Department of Pediatrics, University of Texas Medical Branch.
Department of Preventive Medicine, Rush University Medical Center.
Department of Psychology, University of Miami.



Disasters are destructive, potentially traumatic events that affect millions of youth each year.


The purpose of this paper was to review the literature on depressive symptoms among youth after disasters. Specifically, we examined the prevalence of depression, risk factors associated with depressive symptoms, and theories utilized in this research area.
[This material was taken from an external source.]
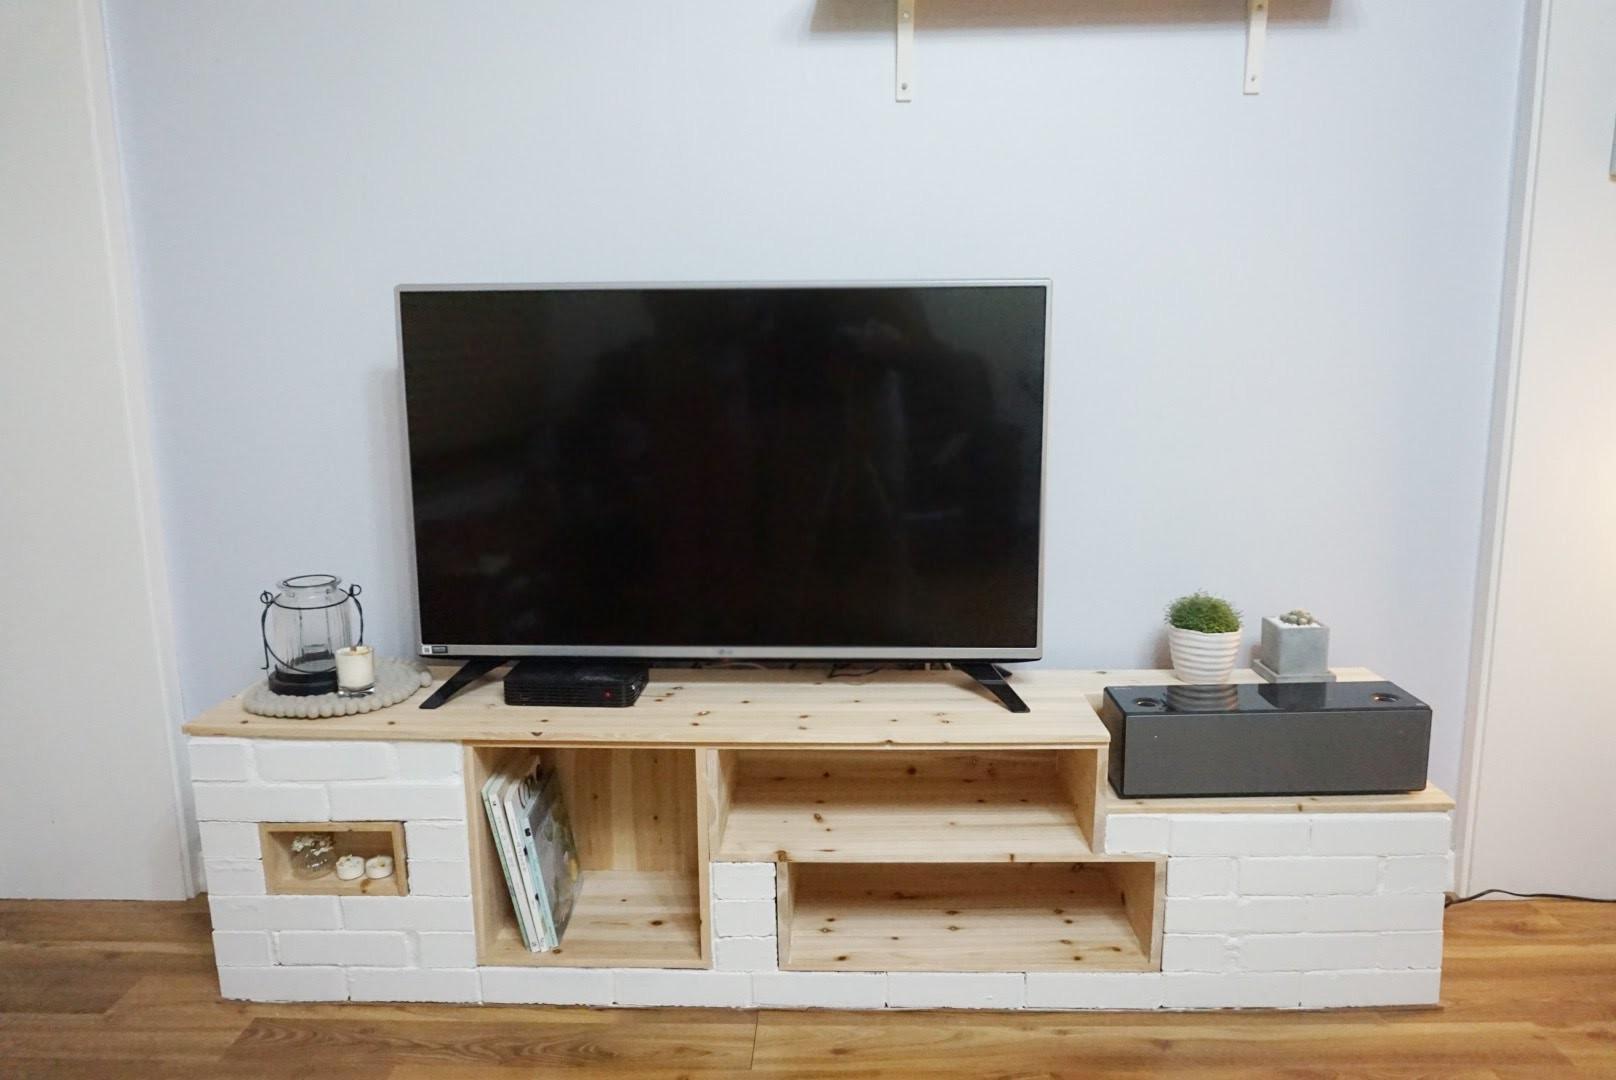 DIY*How to make an entertainment center

We searched MEDLINE, PsycInfo, and PubMed electronic databases for English language articles published up to May 1, 2013. Reference lists from included studies were reviewed to capture additional studies. Only quantitative, peer reviewed studies, conducted with youth under the age of 18 years, that examined postdisaster depressive symptoms were included. Seventy-two studies met inclusion criteria. Prevalence of depressive symptoms, disaster type, correlates of depressive symptoms, and theories of depressive symptoms were reviewed.


Only 27 studies (38%) reported on prevalence rates among youth in their sample. Prevalence rates of depression among youth postdisaster ranged from 2% to 69%. Potential risk factors were identified (e.g., female gender, exposure stressors, posttraumatic stress symptoms). Theories were examined in less than one-third of studies (k = 21).


Given the variability in prevalence rates, difficulty identifying a single profile of youth at risk for developing depressive symptoms, and lack of a unifying theory emerging from the studies, recommendations for future research are discussed. Use of established batteries of assessments could enable comparisons across studies. Merging existing theories from children's postdisaster and depression literatures could aid in the identification of risk factors and causal pathways.